INFORMATION GIVEN ->
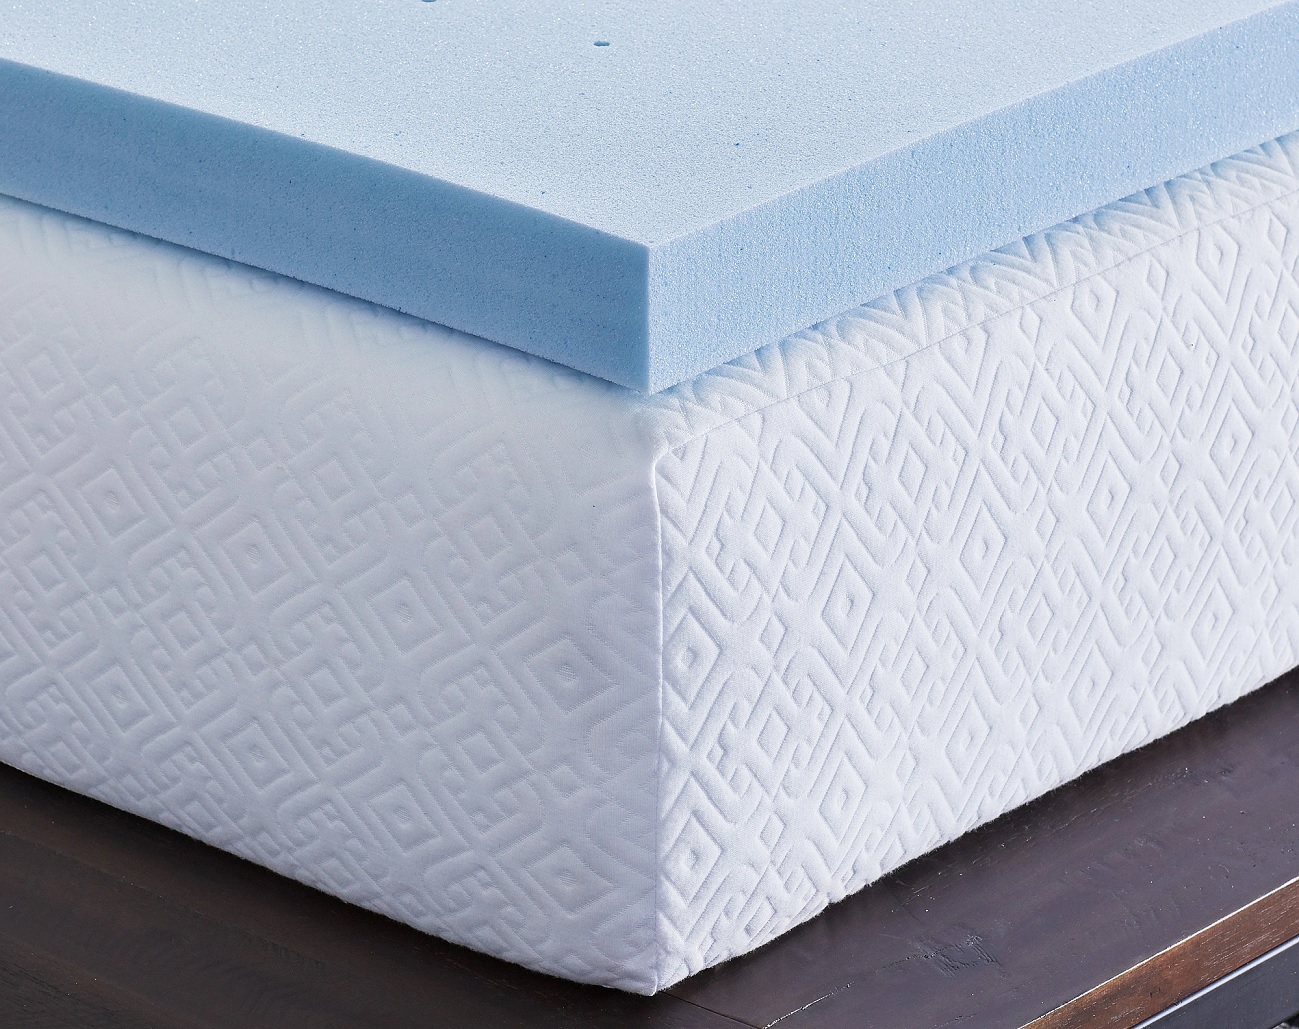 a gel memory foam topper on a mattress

...

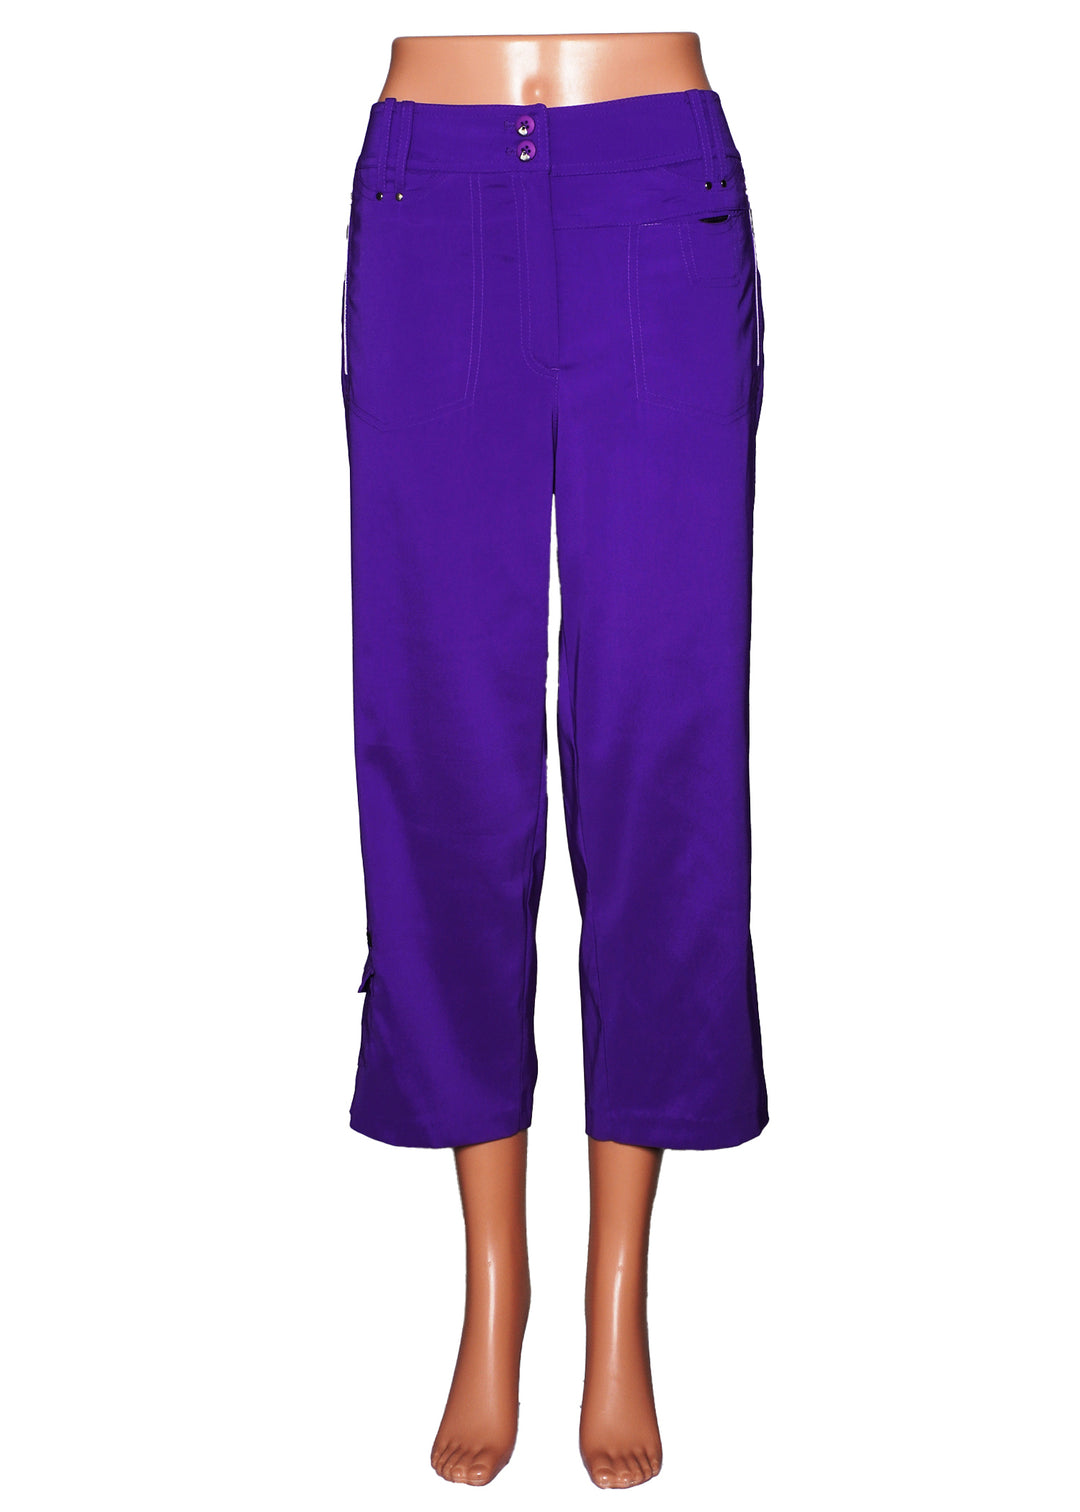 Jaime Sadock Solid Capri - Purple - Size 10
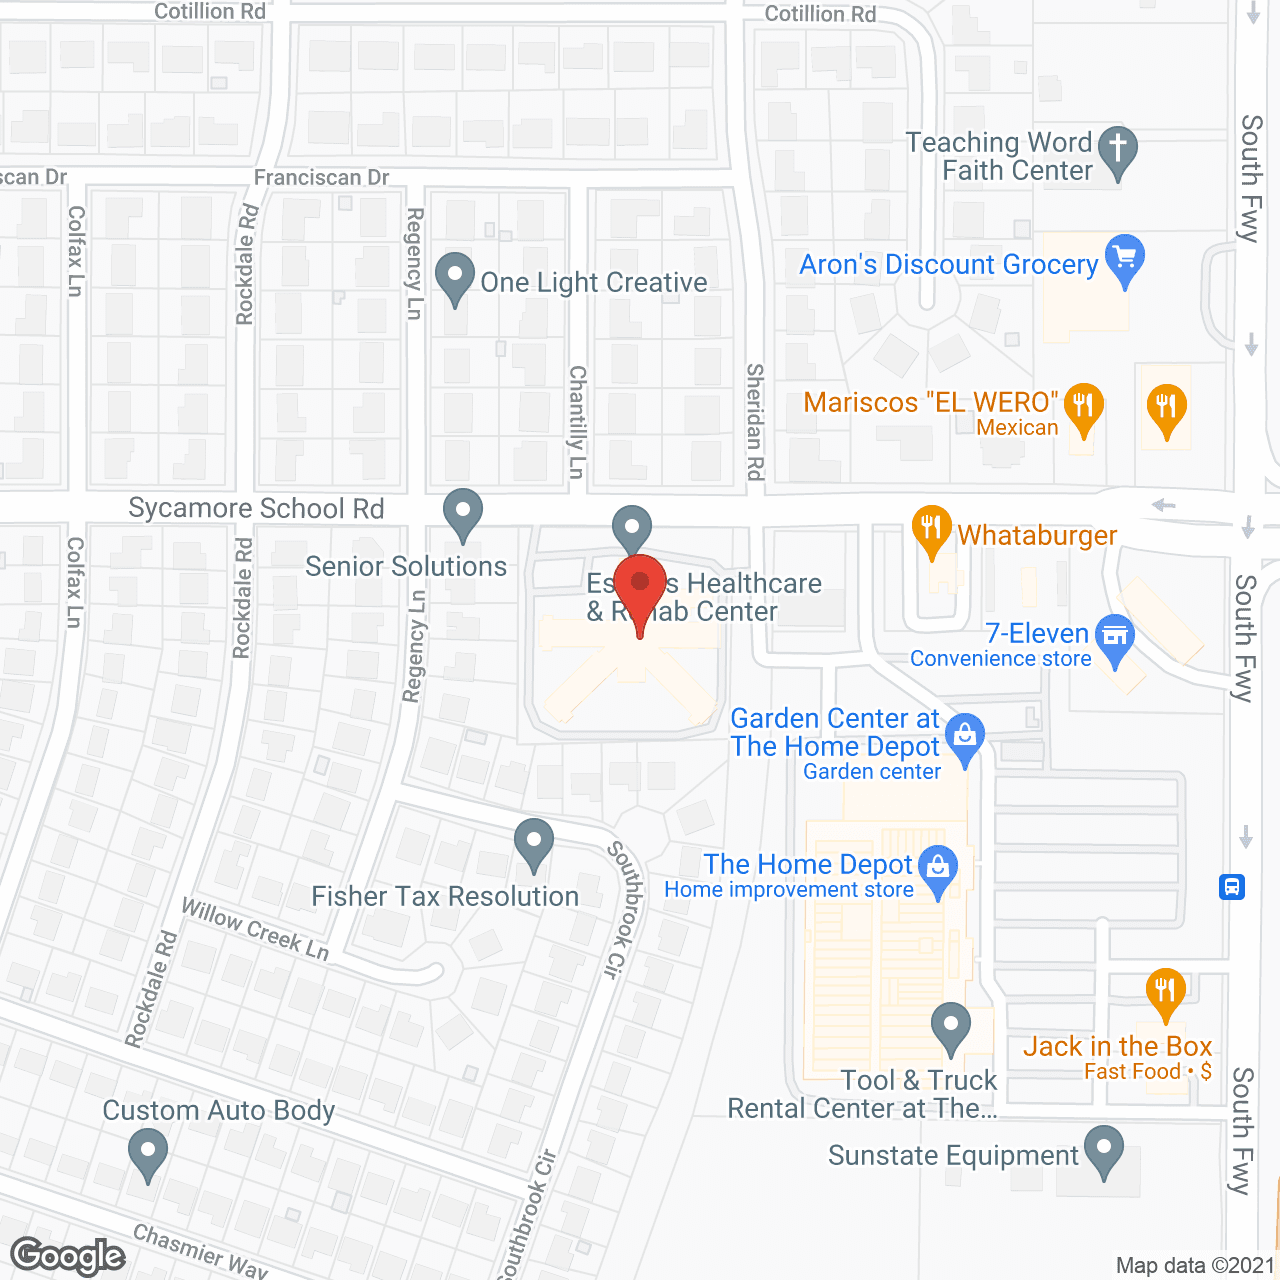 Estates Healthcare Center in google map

YOUR OBJECTIVE ->
With the pictures omitted, restate word for word the lines above from the line that has "Jaime Sadock Solid Capri - Purple - Size 10" up to and including the line that has "Estates Healthcare Center in google map", and no other lines.

ANSWER SPACE ->
 Jaime Sadock Solid Capri - Purple - Size 10
 Estates Healthcare Center in google map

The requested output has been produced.